Using the material that follows, output exactly the lines from the one containing "福岡空港でしか買えないお土産12選！" through the one containing "カテゴリ別のおすすめ限定アイテム", with both ends kept.

Records to process below:

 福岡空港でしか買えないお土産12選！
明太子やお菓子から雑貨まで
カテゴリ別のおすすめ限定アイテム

End of Records to process.
Records to process below:

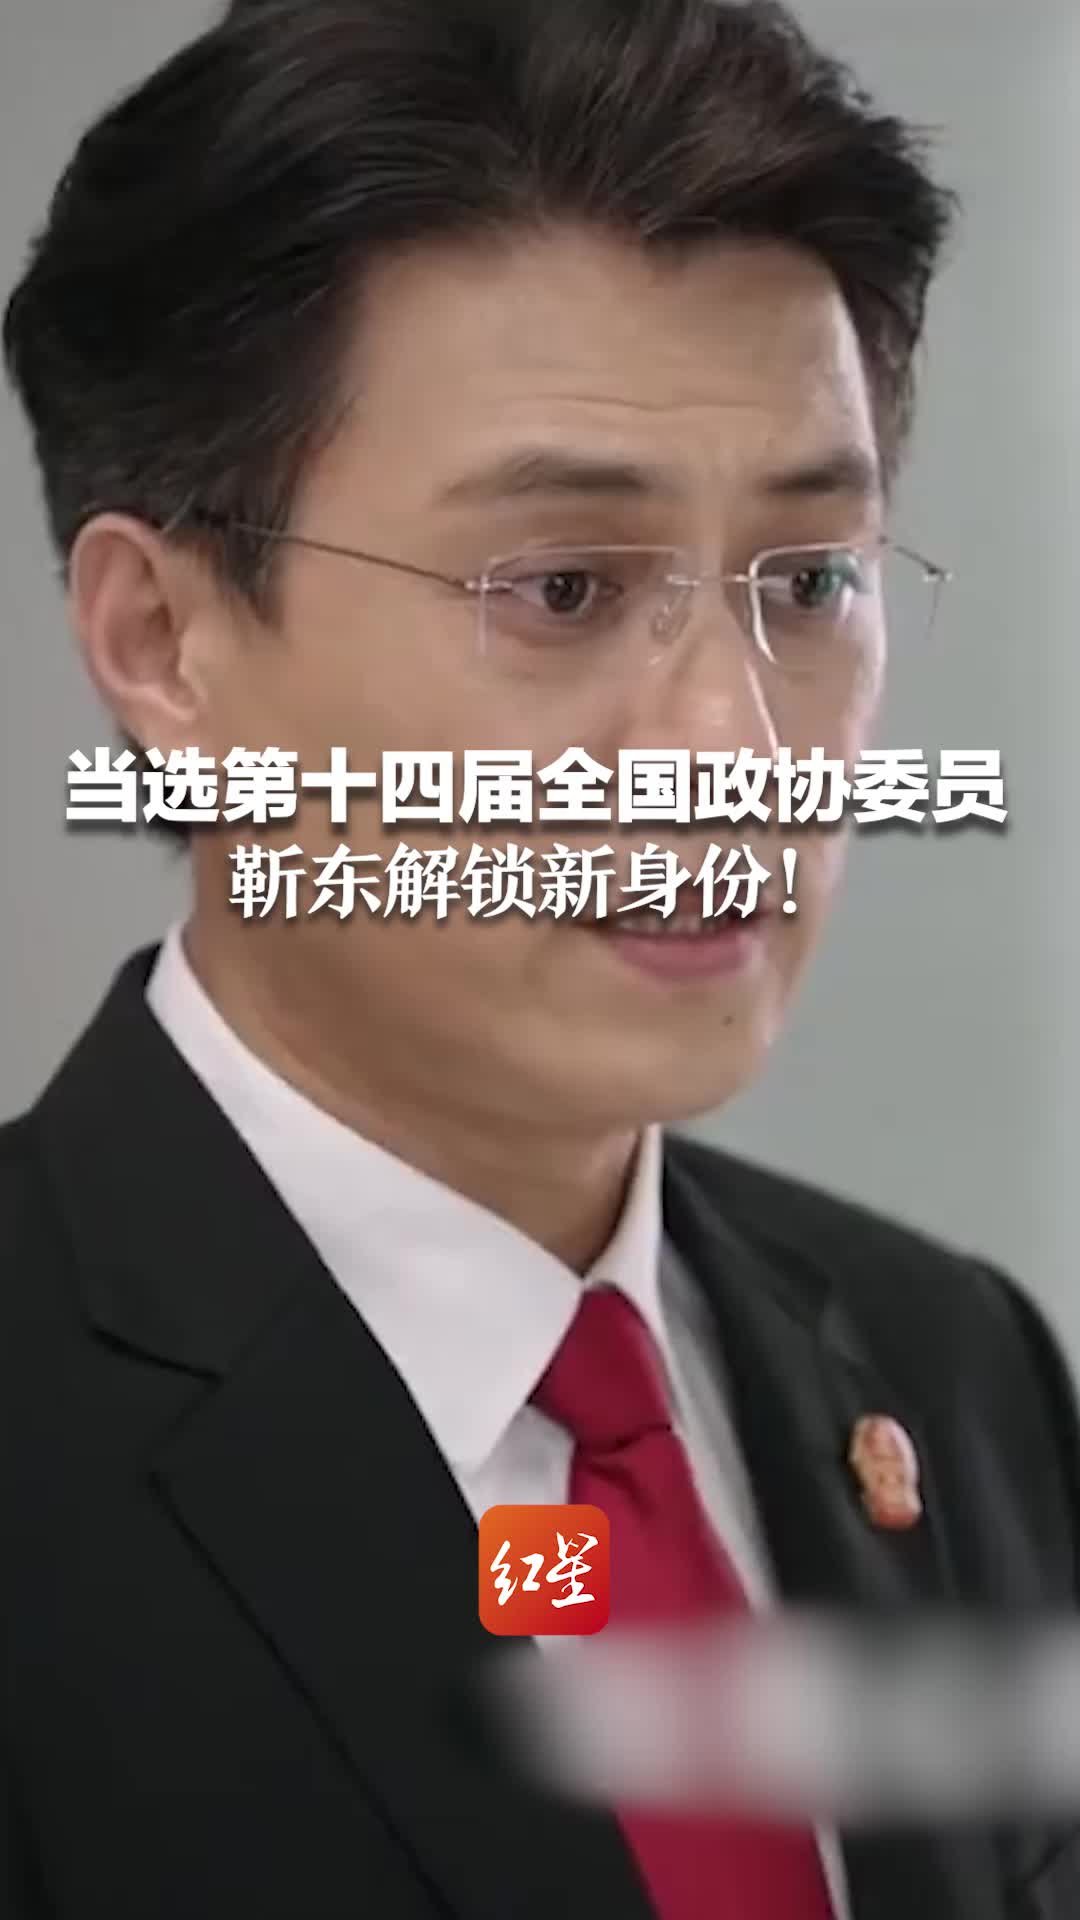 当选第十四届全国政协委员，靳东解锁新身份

End of Records to process.
Records to process below:

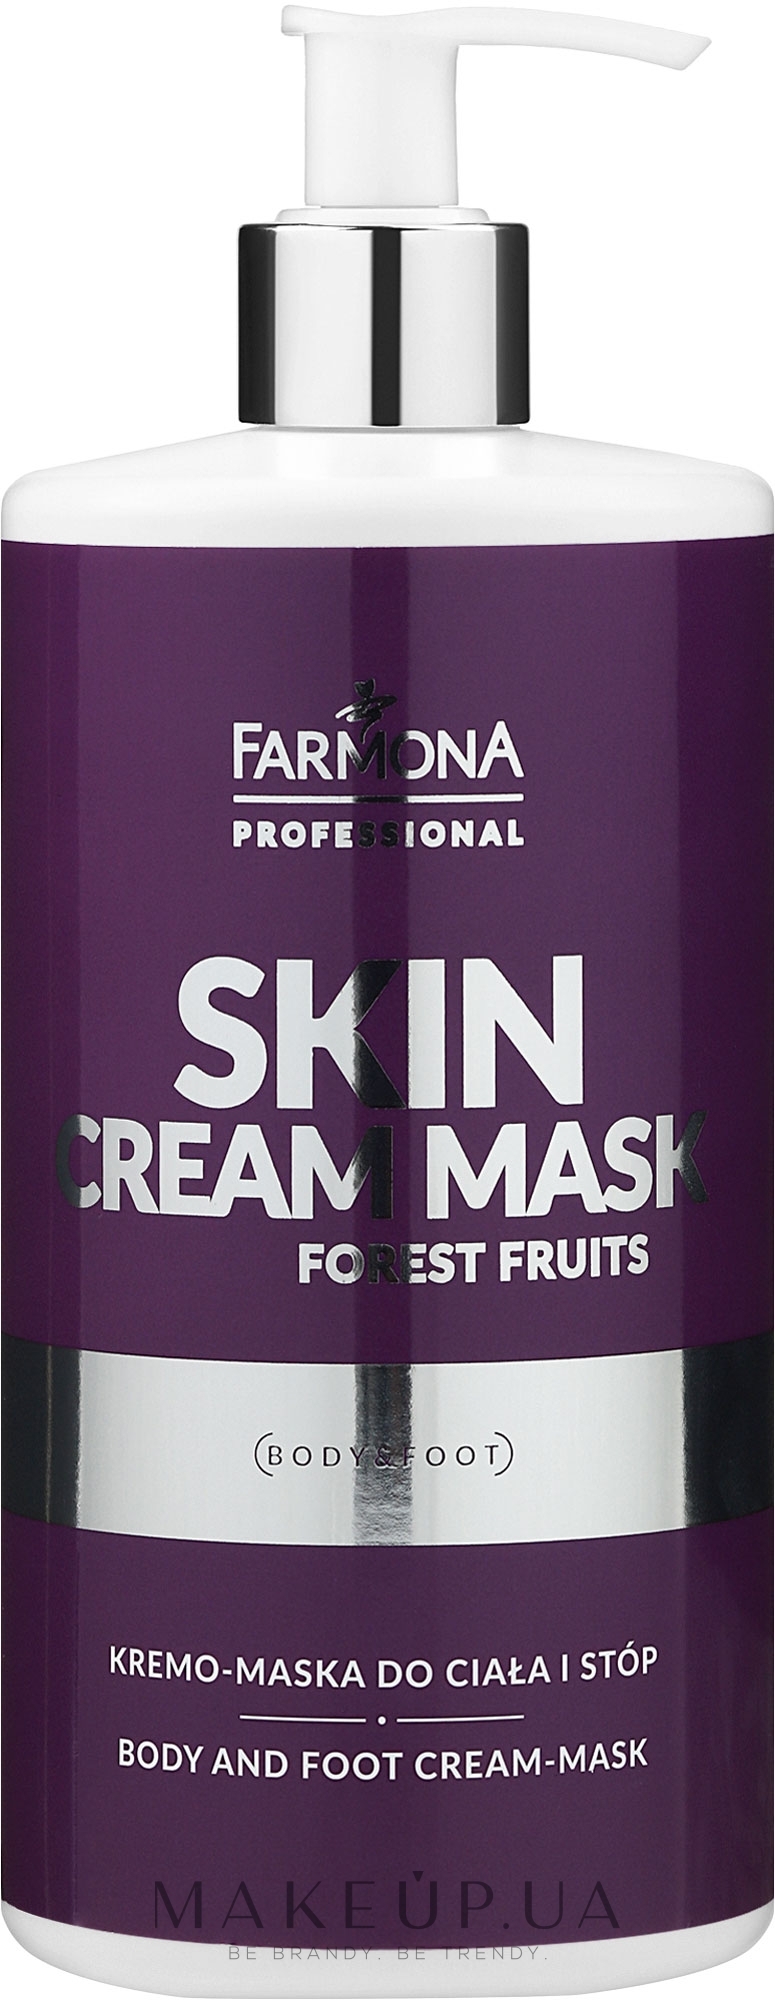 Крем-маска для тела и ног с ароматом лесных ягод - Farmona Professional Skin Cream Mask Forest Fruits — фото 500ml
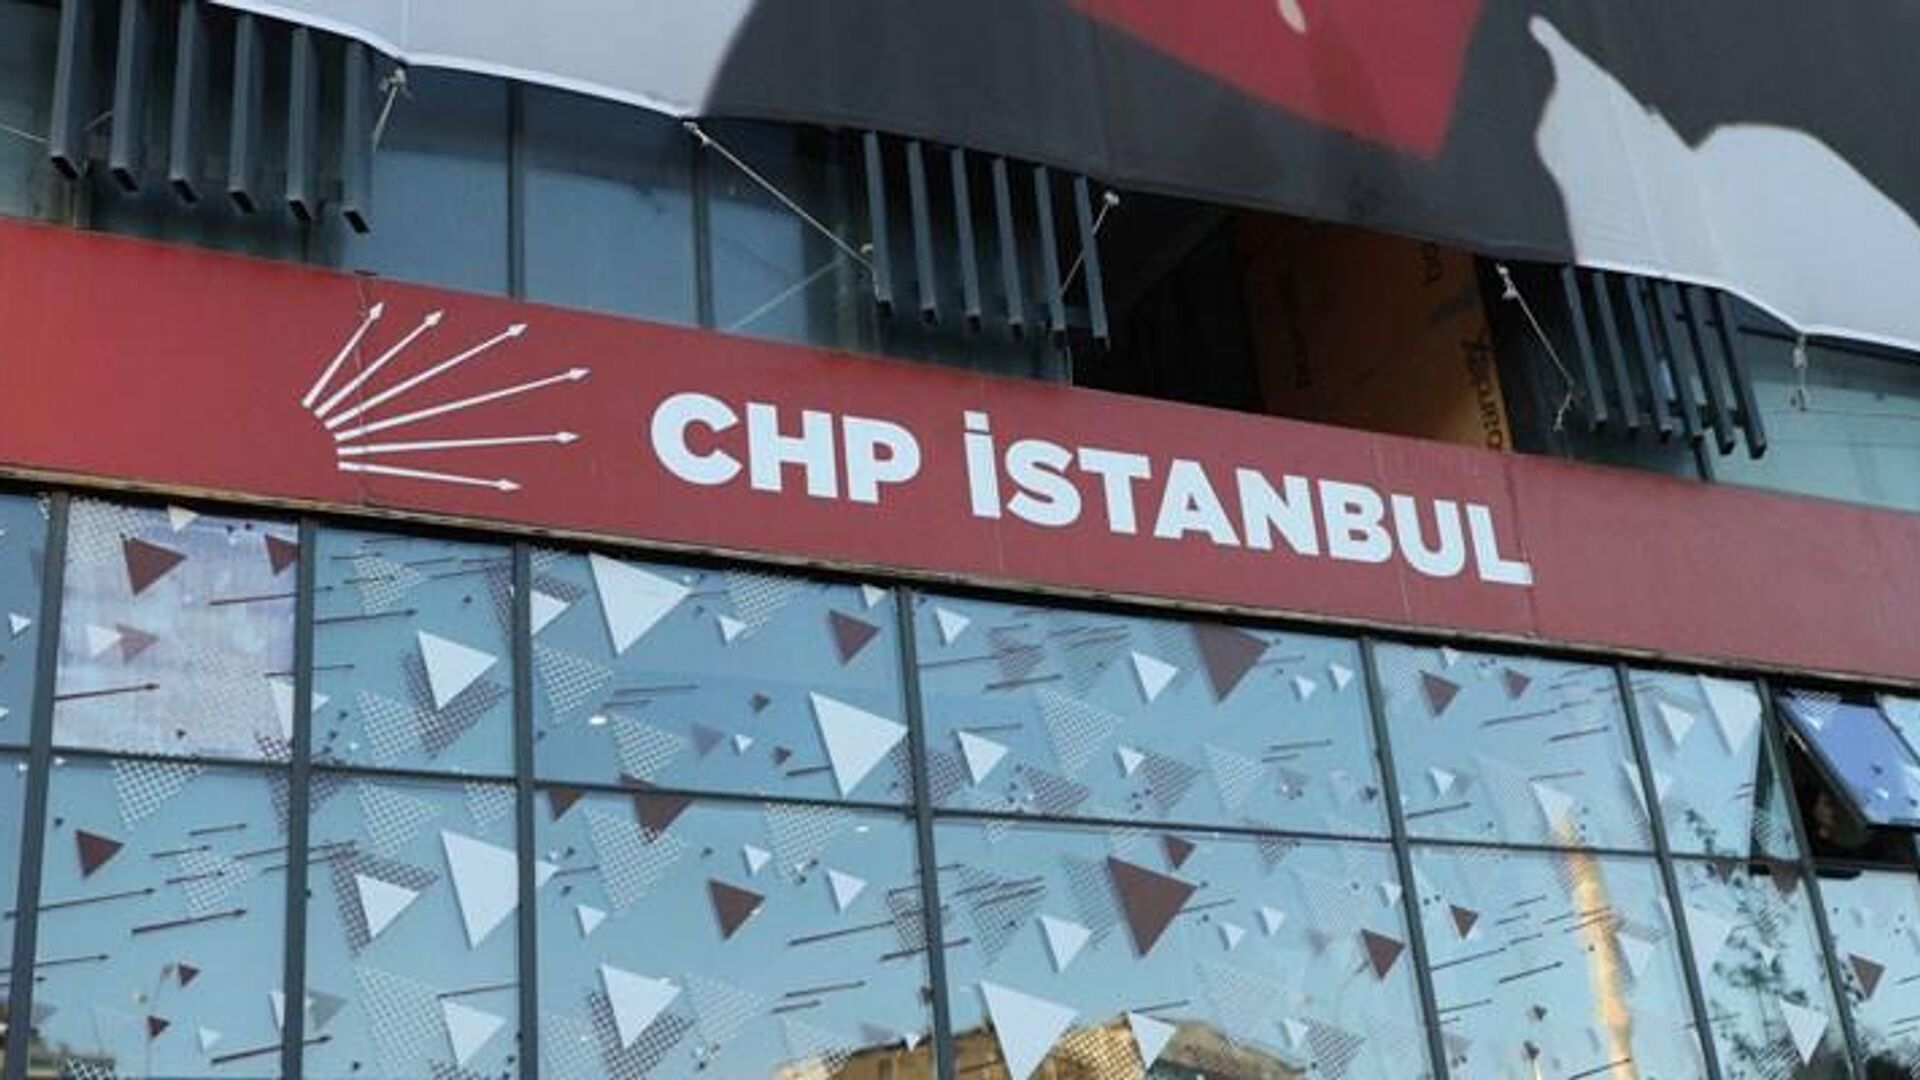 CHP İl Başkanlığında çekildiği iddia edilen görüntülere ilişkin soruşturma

End of Records to process.

| Result of this task |
 福岡空港でしか買えないお土産12選！
明太子やお菓子から雑貨まで
カテゴリ別のおすすめ限定アイテム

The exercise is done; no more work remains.